Robustness against few deletions. Orlin et al. (2018) and Bogunovic et al. (2017) investigate robustness in the presence of a few deletions. In their model, the algorithm needs to ﬁnalize the solution before the adversarial deletions are revealed and the adversary sees the choices of the algorithm. Therefore, having at least k deletions reduces the value of any solution to zero. This is the most prohibitive deletion robust setting we are aware of in the literature, and not surprisingly, the positive results of Orlin et al. (2018) and Bogunovic et al. (2017) are mostly useful when we are dealing with a few deletions.

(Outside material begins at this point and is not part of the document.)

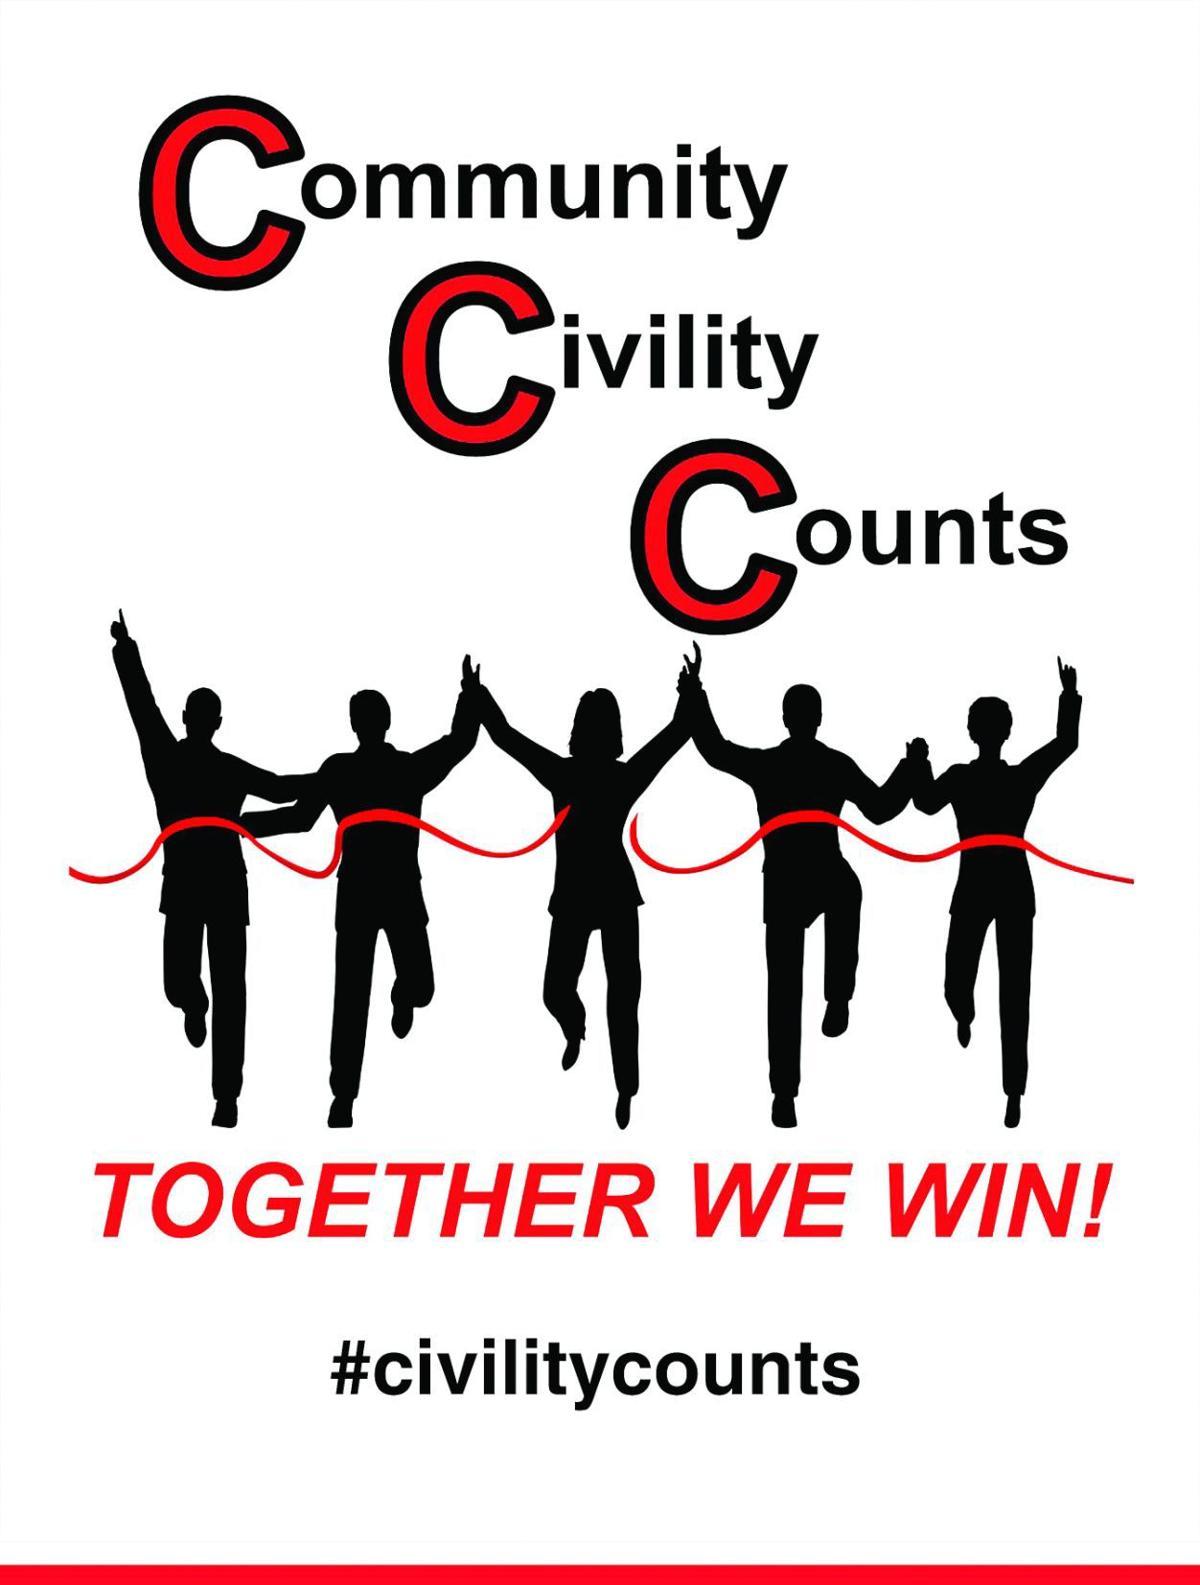 Community Civility Counts

Dynamic setting with d deletions. Mirzasoleiman et al. (2017) study submodular maximization and provide a general framework to empower insertion-only algorithms to process deletions on the ﬂy as well as insertions. Their result works on general constraints, including matroids. As a result, they provide dynamic algorithms that process a stream of deletions and insertions with an extra multiplicative overhead of d (on both the computation time and memory footprint) compared to insertion-only algorithms. Their elegant idea

D utting, Fusco, Lattanzi, Norouzi-Fard and Zadimoghaddam

consists in running d + 1 concurrent streaming submodular maximization algorithms where d is the maximum number of deletions. Every element is sent to the ﬁrst algorithm. If it is not selected, it is sent to the second algorithm; if it is not selected again, it is sent to the third algorithm, and so on. With this trick, they maintain the invariant that the solution of one of these algorithms is untouched by the adversarial deletions, and therefore this set of O(dk) elements suﬃce to achieve robust algorithms for matroid constraints. This approach has the drawback of having per update computation time linearly dependent on d (in the worst case, a new element can be processes by each one of the d algorithms), which can be prohibitive for a large number of deletions. It also has a total memory of O(dk), which could be suboptimal compared to the lower bound of Ω(d + k) presented in the Introduction. The gap between this lower bound and the O(dk) memory footprint in Mirzasoleiman et al. (2017) motivates the follow-up works on designing even more memory and computationally eﬃcient algorithms.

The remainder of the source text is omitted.